FIG. 8 is a simplified schematic representation of an embodiment of an engine system comprising a dual-leg exhaust conduit configuration and a combined fuel manifold for the selective introduction of a product stream from a syngas generator (SGG) and a supplemental fuel stream into an engine exhaust stream, upstream of a pair of exhaust after-treatment sub-systems.

FIG. 9 is a simplified schematic representation of an embodiment of an engine system comprising a multi-leg exhaust conduit configuration, two syngas generators (SGGs) and combined fuel manifolds for the selective introduction of a product stream from a syngas generator and a supplemental fuel stream into an engine exhaust stream, upstream of two pairs of exhaust after-treatment sub-systems.

DETAILED DESCRIPTION OF PREFERRED EMBODIMENTS

A fuel processor or a syngas generator (SGG) can convert a hydrocarbon reactant to a product stream containing hydrogen (H₂) and carbon monoxide (CO), also known as syngas. The equivalence ratio (ER) of the fuel and oxidant reactants introduced into the SGG can be adjusted to change the composition of the product stream produced, for example, so that the SGG produces a syngas stream or a flue gas stream. The term “equivalence ratio” herein refers to the ratio between the actual amount of oxygen supplied and the theoretical stoichiometric amount of oxygen that would be required for complete conversion of the fuel. An ER of greater than 1 represents a fuel lean mode (excess oxygen) that typically generates a flue gas stream, while an ER of less than 1 represents a fuel rich mode (excess fuel) that typically generates a syngas stream. The term “product stream” as used herein includes a flue gas stream or a syngas stream produced by a SGG.
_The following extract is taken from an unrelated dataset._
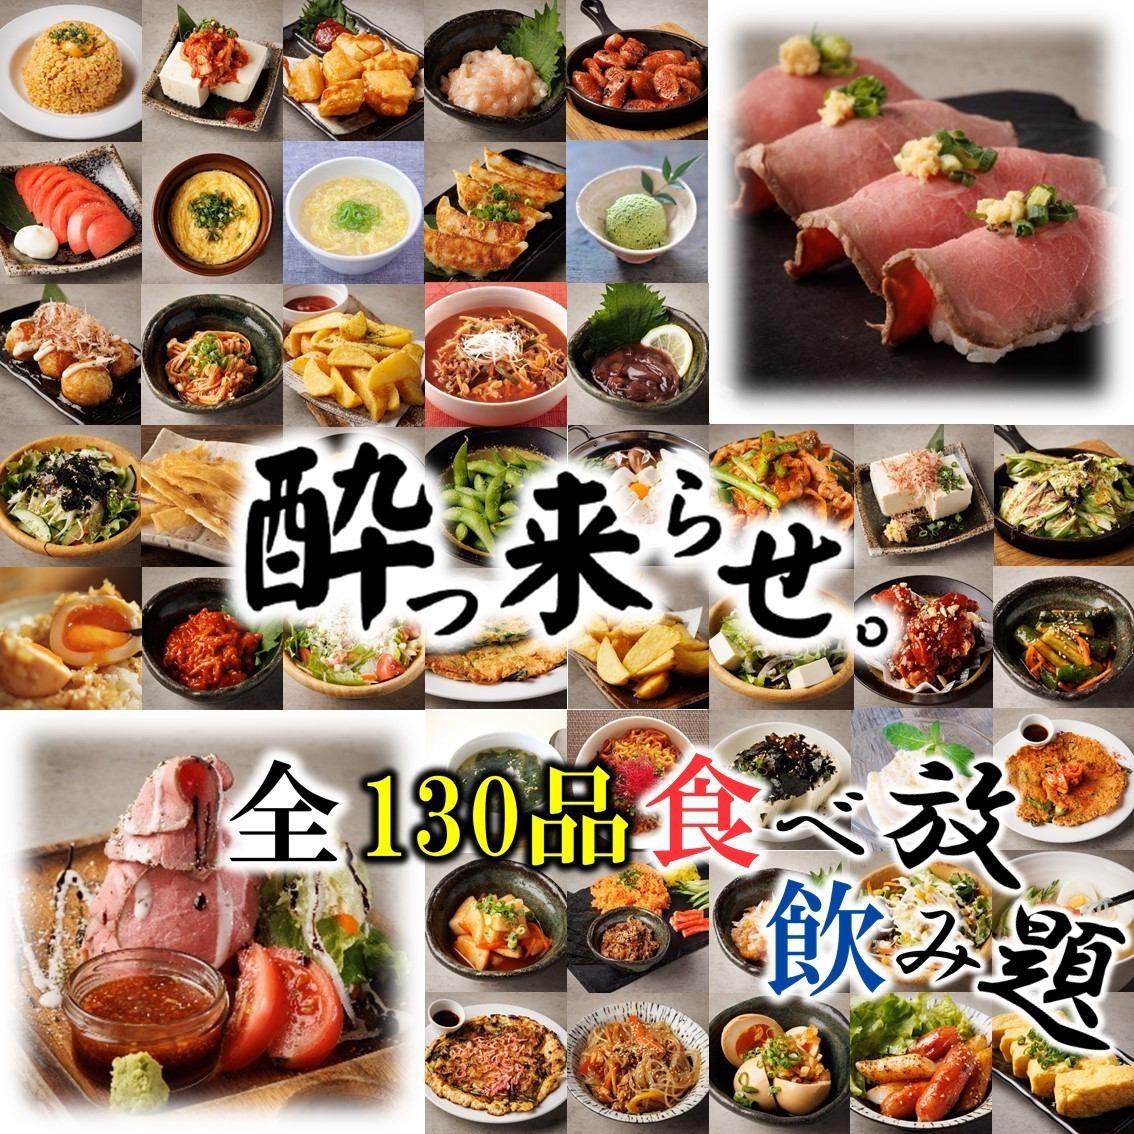 在川越可以尽情享用肉寿司和烤牛肉的性价比最高的居酒屋开业☆

As described above, a product stream of a SGG can be employed to actively regenerate an exhaust after-treatment device in an engine exhaust after-treatment system. During a regeneration process, a syngas stream can be employed to heat and/or create a reducing condition in the exhaust after-treatment device, while a flue gas stream can be employed for heating purposes.
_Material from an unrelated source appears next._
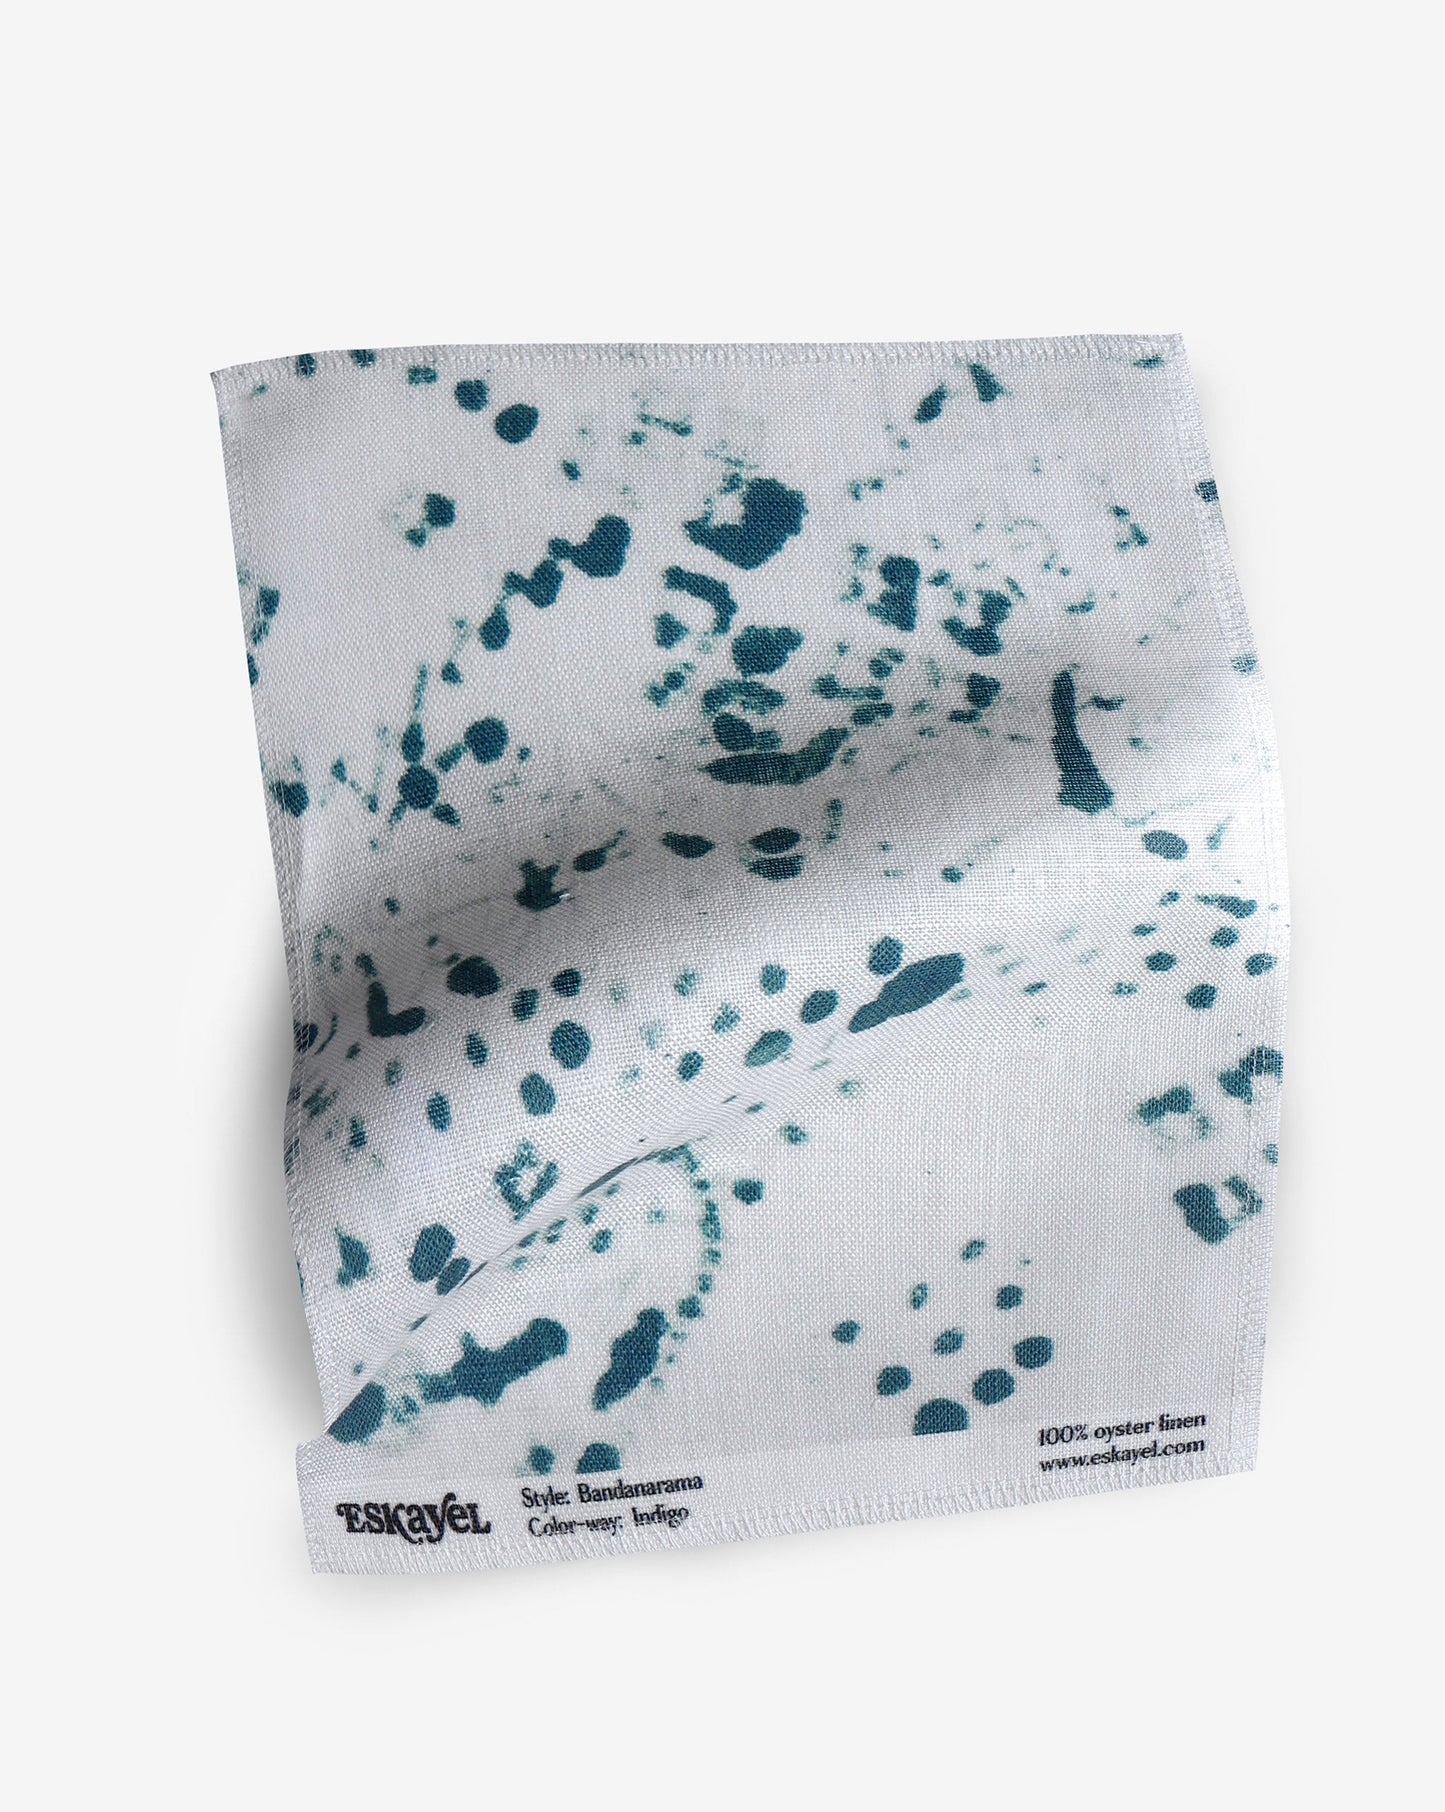 A Bandanarama Fabric Sample||Indigo towel with blue splatters on a white background.

In the present approach, during an initial portion of a regeneration process a syngas stream is directed to one or more exhaust after-treatment devices in an engine system and combusted to heat the exhaust after-treatment device and, during a subsequent portion of the regeneration process, a supplemental fuel stream is added to a product stream from a SGG to form a combined fuel stream, which is then directed to one or more after-treatment devices. Preferably the supplemental fuel is a liquid which is vaporized by the hot product stream from the SGG. Syngas is thereby employed to provide at least a portion of the heating duty, and the supplemental fuel is added to provide additional heating duty in the regeneration process. This can beneficially reduce the demand for syngas, which can, in turn, reduce the size and cost of the SGG used in the system. Furthermore, if the supplemental fuel has a higher energy value than syngas, this approach can increase the operational fuel efficiency of the exhaust after-treatment system.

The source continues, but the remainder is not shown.